Post by t***@polynum.com
3) The PBS [on an iso] has to bootstrap a diskette, so is not an LBA aware one. On a
disk, the Plan9 partition can be a far, far, far, far realm...
thanks to geoff's recent work, this isn't true anymore. see mk9660(8)
and the -B flag. i have no idea what *bsd tools would want to support this.

- erik
t***@polynum.com
2012-05-10 11:58:35 UTC
Permalink
Post by erik quanstrom
Post by t***@polynum.com
6) [Not necessary for bootstrapping] So that 5) remains true, the 9load
file must be tagged SYSTEM, so that it is not moved when updating.
i originally read this incorrectly as from the prespective of dossrv(4);
in that case one would say ...
from the perspective of dossrv(4), the exclusive use flag tells dossrv
to try to keep the program contiguous on disk. moving it around is
ok.
I'm not a DOS FS specialist but I would be cautious about this because
there may be some binaries that expect not only a file to be a
contiguous series of blocks, but to start precisely _here_.
Post by erik quanstrom
Post by t***@polynum.com
3) The PBS [on an iso] has to bootstrap a diskette, so is not an LBA aware one. On a
disk, the Plan9 partition can be a far, far, far, far realm...
thanks to geoff's recent work, this isn't true anymore. see mk9660(8)
and the -B flag. i have no idea what *bsd tools would want to support this.
Thanks, I will read the manpage and update the document when necessary.
--
Thierry Laronde <tlaronde +AT+ polynum +dot+ com>
http://www.kergis.com/
Key fingerprint = 0FF7 E906 FBAF FE95 FD89 250D 52B1 AE95 6006 F40C
erik quanstrom
2012-05-10 12:20:32 UTC
Permalink
Post by t***@polynum.com
Post by erik quanstrom
from the perspective of dossrv(4), the exclusive use flag tells dossrv
to try to keep the program contiguous on disk. moving it around is
ok.
I'm not a DOS FS specialist but I would be cautious about this because
there may be some binaries that expect not only a file to be a
contiguous series of blocks, but to start precisely _here_.
which binaries would those be? there are only two that i can think of
pbs and dossrv. pbs doesn't require that 9load be at a specific offset,
or the first entry. see /sys/src/boot/pc/pbs.s

dossrv obviously doesn't care.

- erik
t***@polynum.com
2012-05-10 12:30:13 UTC
Permalink
Post by erik quanstrom
Post by t***@polynum.com
Post by erik quanstrom
from the perspective of dossrv(4), the exclusive use flag tells dossrv
to try to keep the program contiguous on disk. moving it around is
ok.
I'm not a DOS FS specialist but I would be cautious about this because
there may be some binaries that expect not only a file to be a
contiguous series of blocks, but to start precisely _here_.
which binaries would those be? there are only two that i can think of
pbs and dossrv. pbs doesn't require that 9load be at a specific offset,
or the first entry. see /sys/src/boot/pc/pbs.s
dossrv obviously doesn't care.
I don't speak about Plan9 utils. Since the document is how to do using
another system as a tool, I don't know if all the dos utils outside
Plan9 are like this (is there something as a "DOS standard"?). So I was
(I hope) careful to write only things that are true, not only under
Plan9, but under any host.

And for the binaries, I do not have in mind the Plan9 one, but the
example of GRUB: if what they call stage_1.5 is not here (the ability to
read a filesystem), the list of blocks to load is embedded in the
stage1. If one moves stage2, it is not bootable anymore.

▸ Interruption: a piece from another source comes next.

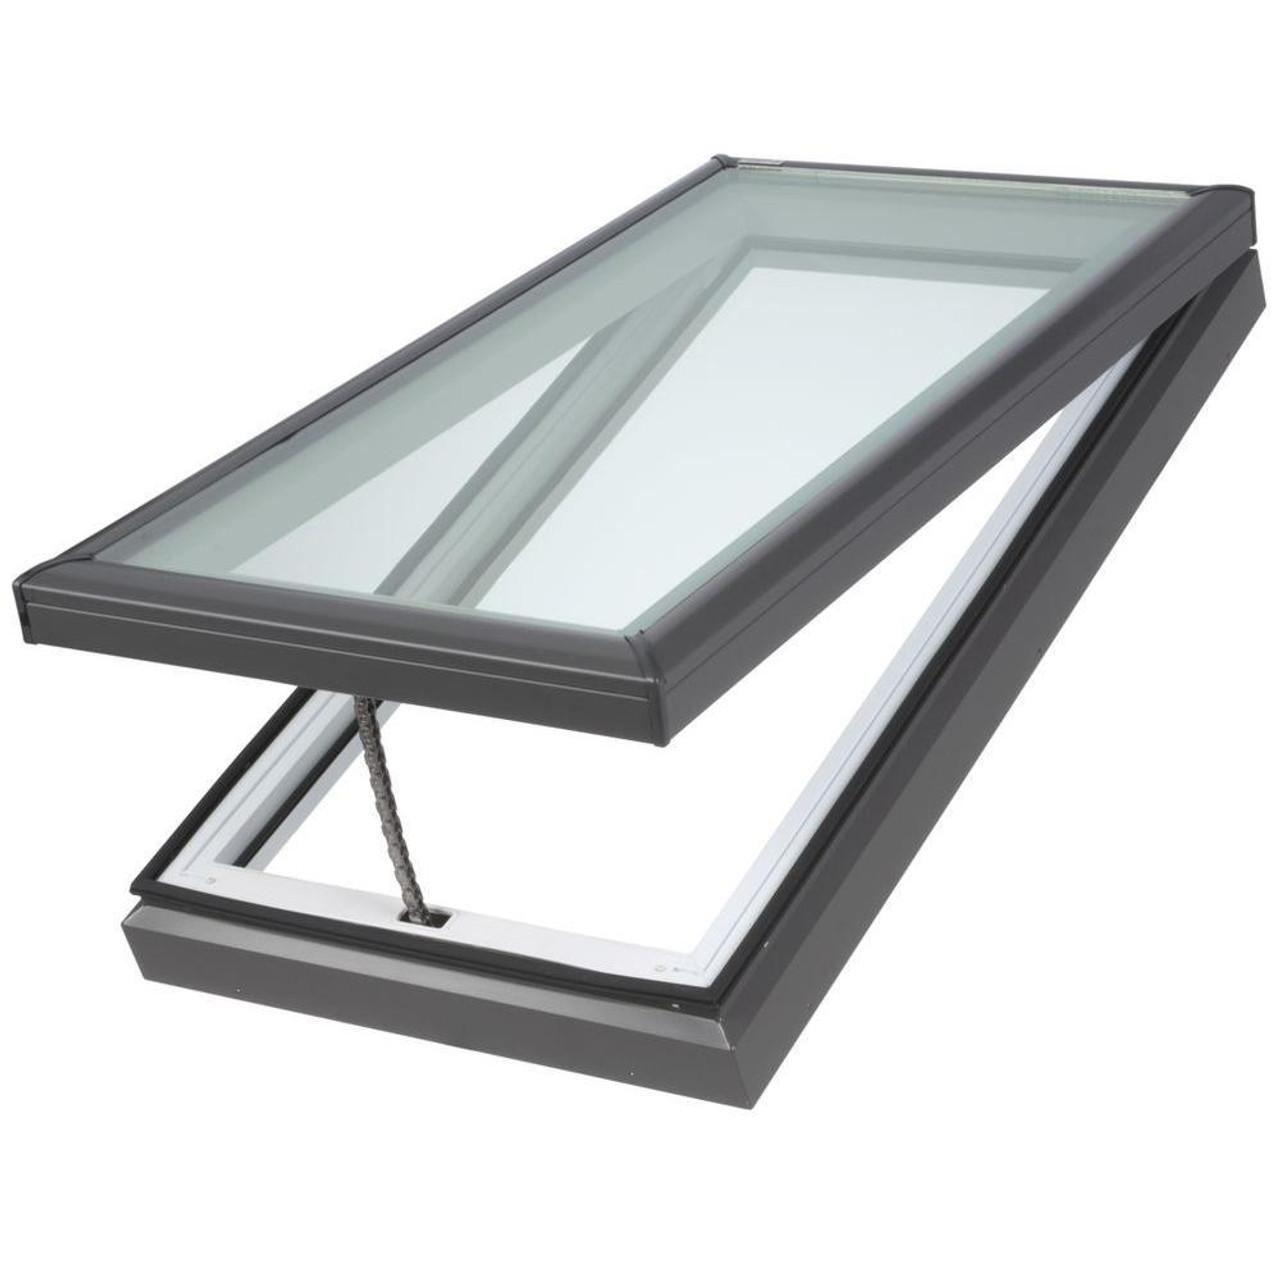 Velux Vcm 2246 Manual Venting Skylight Solartown Com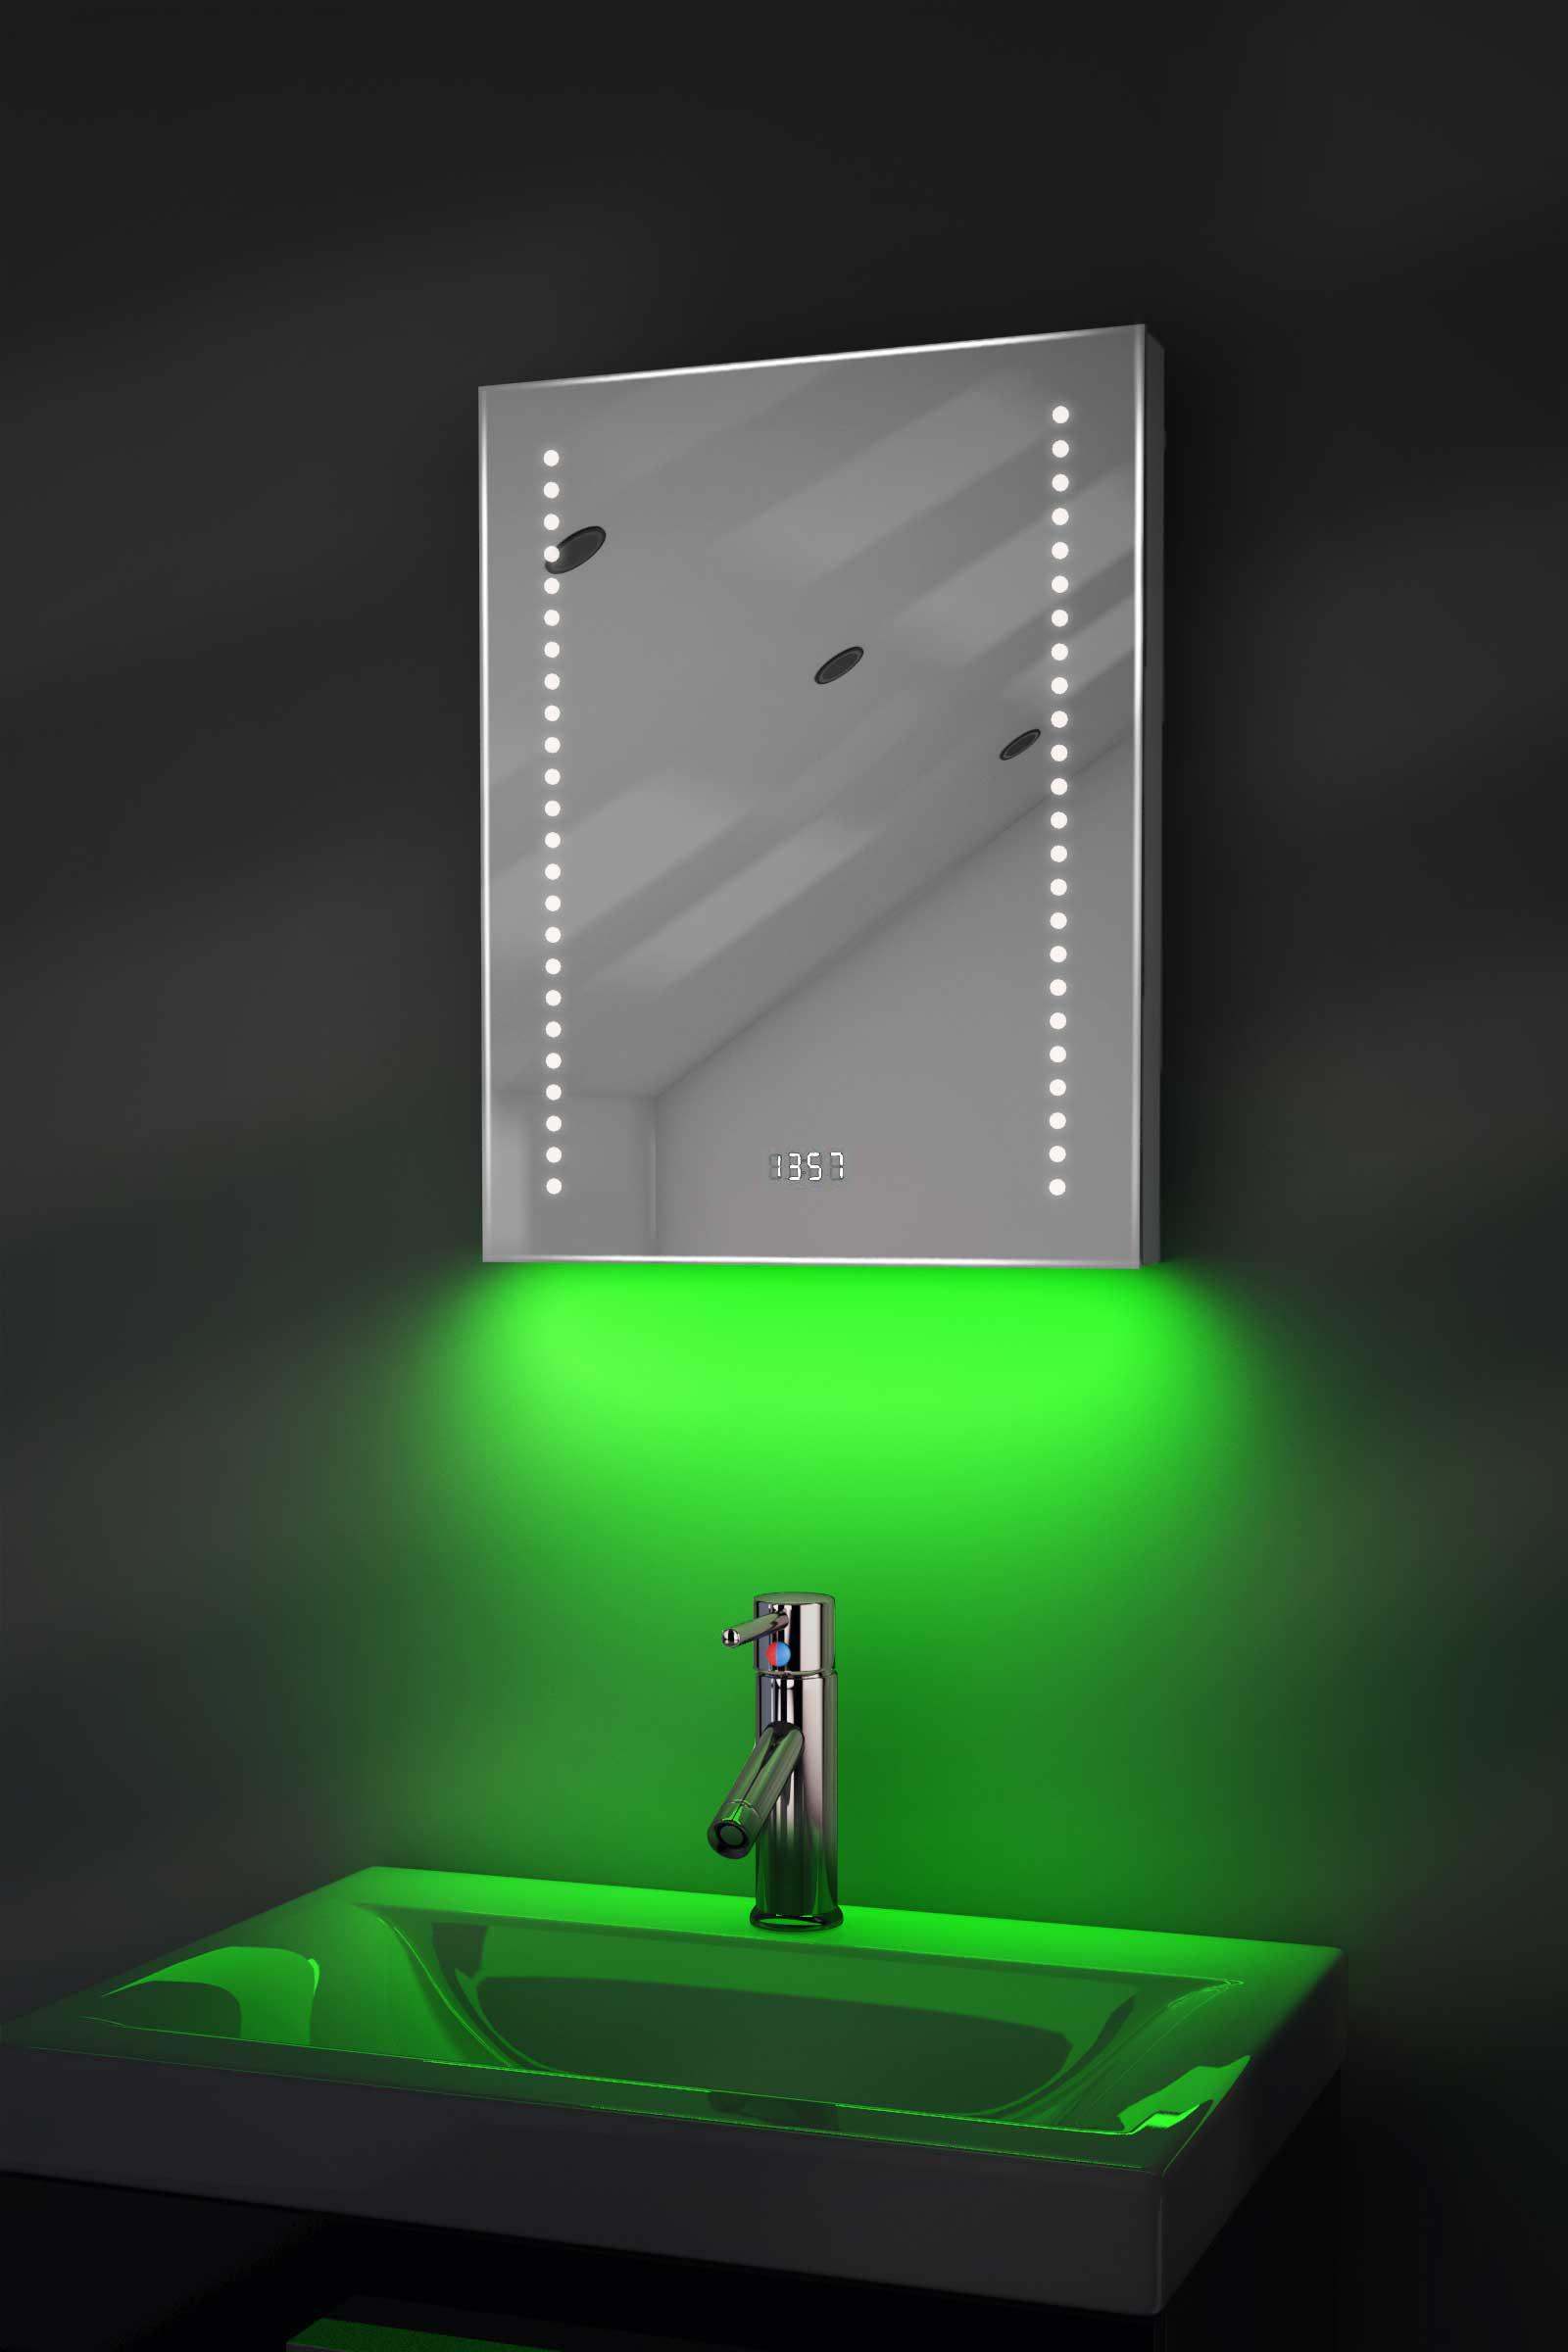 Bathroom Mirror Clock Bathroom Mirror Clock Illuminated

So I'm just cautious not to say something that is only true under Plan9
and that the reader could take for granted elsewhere. Since I have in
the doc to take into account not only Plan9 in order to find a way to
install Plan9 from some OS already there.

Thanks,
--
Thierry Laronde <tlaronde +AT+ polynum +dot+ com>
http://www.kergis.com/
Key fingerprint = 0FF7 E906 FBAF FE95 FD89 250D 52B1 AE95 6006 F40C
c***@gmx.de
2012-05-10 13:31:14 UTC
Permalink
this simplifies building bootable cds.

the advantage being that your kernel doesnt need to fit
in that floppy image but can be just any file on the iso
filesystem. that way theres no need to strip debug symbols
and compress the kernel. in 9front, we use the same 9pcf
kernel on all boot media.

9load has to die.

--
cinap
t***@polynum.com
2012-05-10 14:26:34 UTC
Permalink
Post by c***@gmx.de
9load has to die.
Ideally, yes. I worked, a long time ago, with GRUB and finally realized
that adding feature after feature we were just building another
kernel...
--
Thierry Laronde <tlaronde +AT+ polynum +dot+ com>
http://www.kergis.com/
Key fingerprint = 0FF7 E906 FBAF FE95 FD89 250D 52B1 AE95 6006 F40C
Iruatã Souza
2012-05-10 15:52:12 UTC
Permalink
Post by t***@polynum.com
Post by c***@gmx.de
9load has to die.
Ideally, yes. I worked, a long time ago, with GRUB and finally realized
that adding feature after feature we were just building another
kernel...
In practice too. In fact, 9front has removed 9load since forever, and
we are much better this way.
Jens Staal
2012-05-10 12:47:21 UTC
Permalink
Post by t***@polynum.com
Post by yang.zhao
Really? Wonderful..
Is there some docs for install Plan 9(more detail)?
x201 doesn't have a CD-ROM..
Installing Plan9 without a CD reader or a PXE boot.
Abstract
Wow! Thanks. I probably need to look at this. I recently tried (and failed) to
boot a plan9 iso via syslinux and memdisk to circumvent the issue with my
CD/DVD reader failing at a certain point in the boot proces.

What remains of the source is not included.